Now, in the third graph, we know that replication requires for one of the original adult strands (which, in this case will be the first medium, which is 15N) to help formulate the new strand (which, in this case, comes from the second medium, 14N). The combination of these two different strands of two different densities changes the overall density of the new (and improved!) DNA strand, which now has a density that’s balanced out from the original 14N and 15N densities: 1.717. The same thing happens in the fourth graph except there is one more generation of 14N strands, therefore, there’s an extra supply of light weight DNA strands, which is represented by the curve on the left. The balanced density of the combined DNA strands made up of both 14N and 15N strands represent the semi-conservativeness of DNA strands during replication. It shows the combination of an original strand and a new strand, shown in the third graph with the 15N strand (the first medium used) and the 14N strand (the second medium used). The other models, such as conservative or dispersive fashions because the different strands aren’t distributed equally in a way that creates the exact same DNA strand from the original adult strand. The semi-conservative fashion allows for the exact replication of the original adult strand because the new strand matches its bases to the adult strand’s bases.This is shown in the third graph’s results.
Page 64, Evidence for discontinuous synthesis
1. Compare the sample that was pulsed for 10 seconds with the sample that was pulsed for 30 seconds.
The sample that was pulsed for 10 seconds stays below 1000 cpm/0.1m^-1 while the sample that was pulsed for 30 seconds is higher than that, at above 3,000 cpm/0.1m^-1. Both samples start to decrease at 0 (distance from the top of the centrifuge tube).
2. Explain why the sample that was pulsed for 30 seconds proves evidence for the presence of both a leading strand and many lagging strands.
The first peak that we see in the 30-second sample graph (at around 0.8 units from the top of the centrifuge) represent radioactive nucleosides that are lighter than the nucleosides represented at the second peak (at around 1 unit from the top of the centrifuge). The fact that the second peak is further from the top of the centrifuge shows that those nucleosides are heavier than the first nucleosides. This means that the first – the lighter – nucleosides are the lagging strands because they are lighter and are made up in broken fragments. Then, the second – the heavier – nucleosides are therefore the leading strands because they are heavier and attached to something – other nucleosides and molecules that connect it to the forming strand.

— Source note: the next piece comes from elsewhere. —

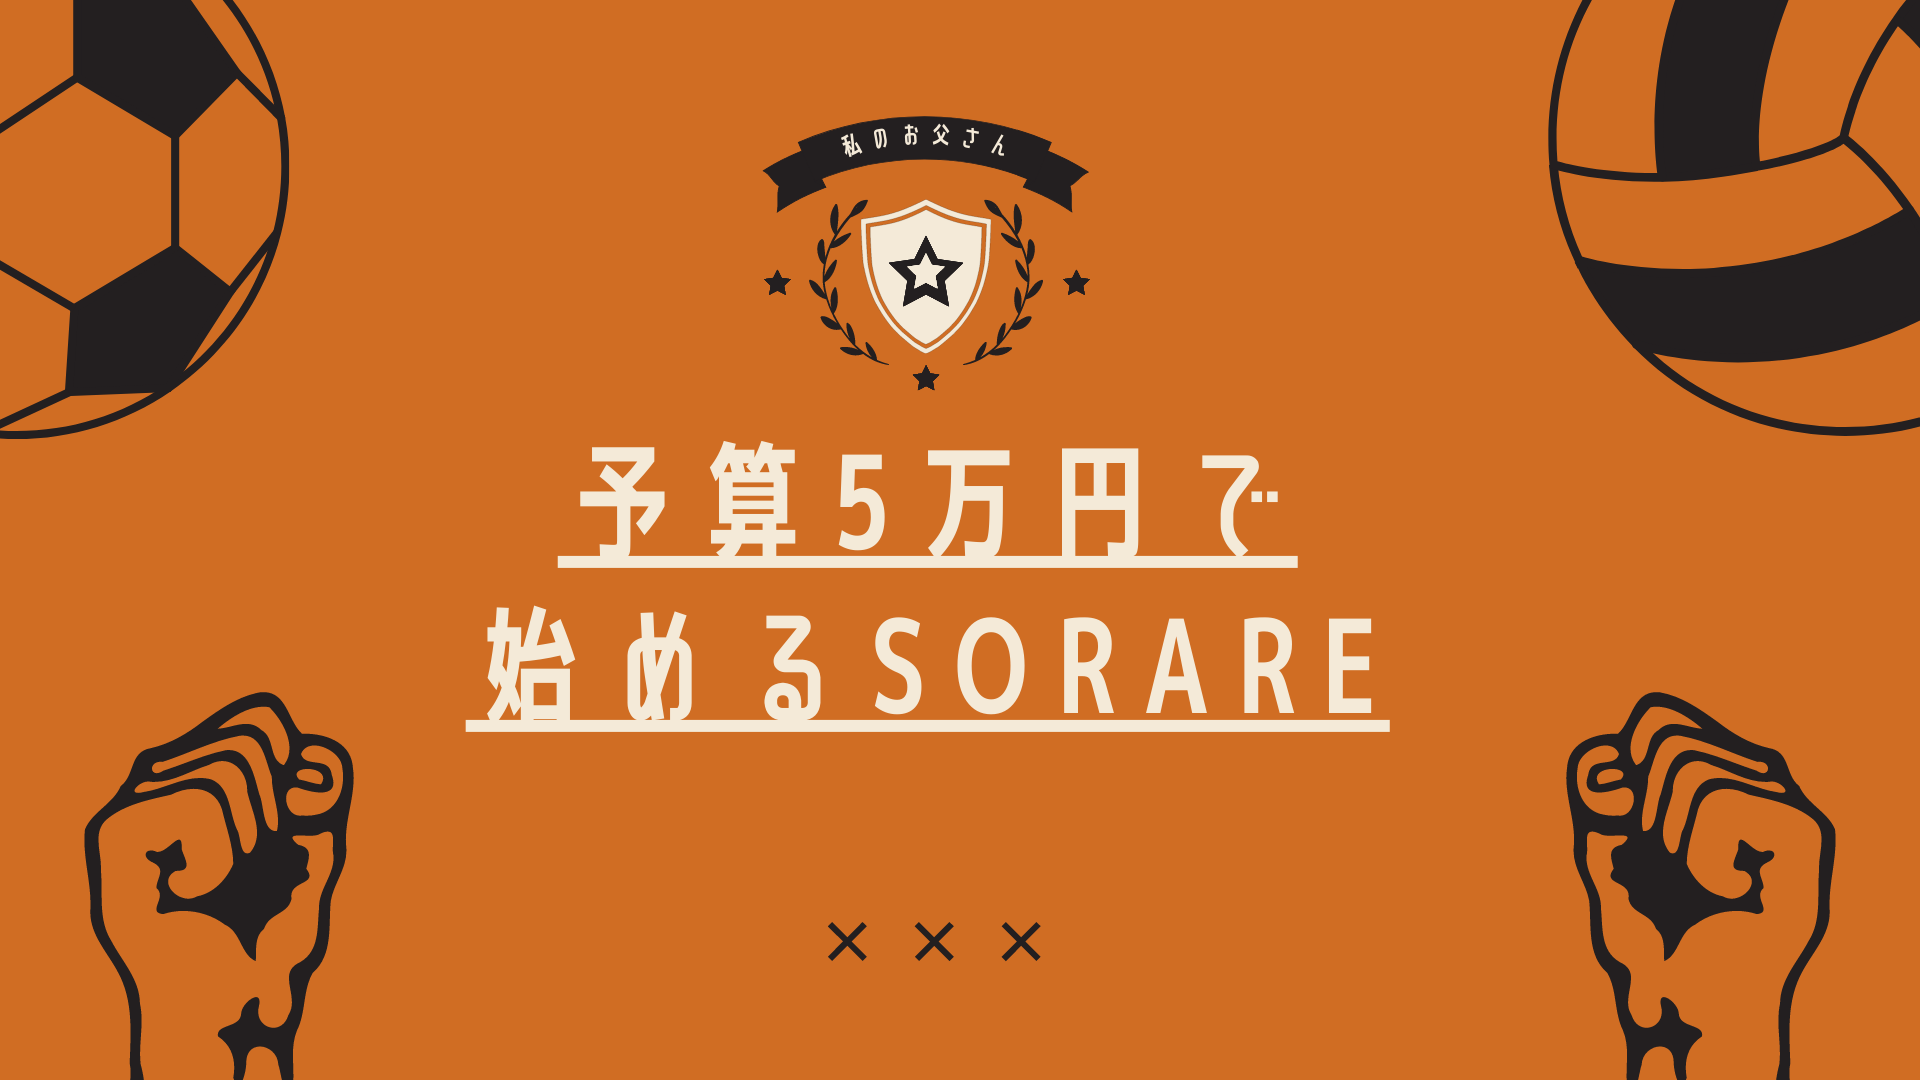 Sorare攻略 予算5万円でsorareを始めるための戦略 ぶたねこドットコム

3. Explain why the sample that was pulsed for 60 seconds provides evidence for the activity of DNA ligase.
The peak of the graph of the 60-second sample is located at around the same place as the second peak of the 30-second sample (around 1.1 units from the top of the centrifuge). The heavier sample here shows that ligase is taking the fragmented (lagging) strands from the first 10, 30, and so on seconds and has been joining them together, which makes the nucleosides in the samples heavier.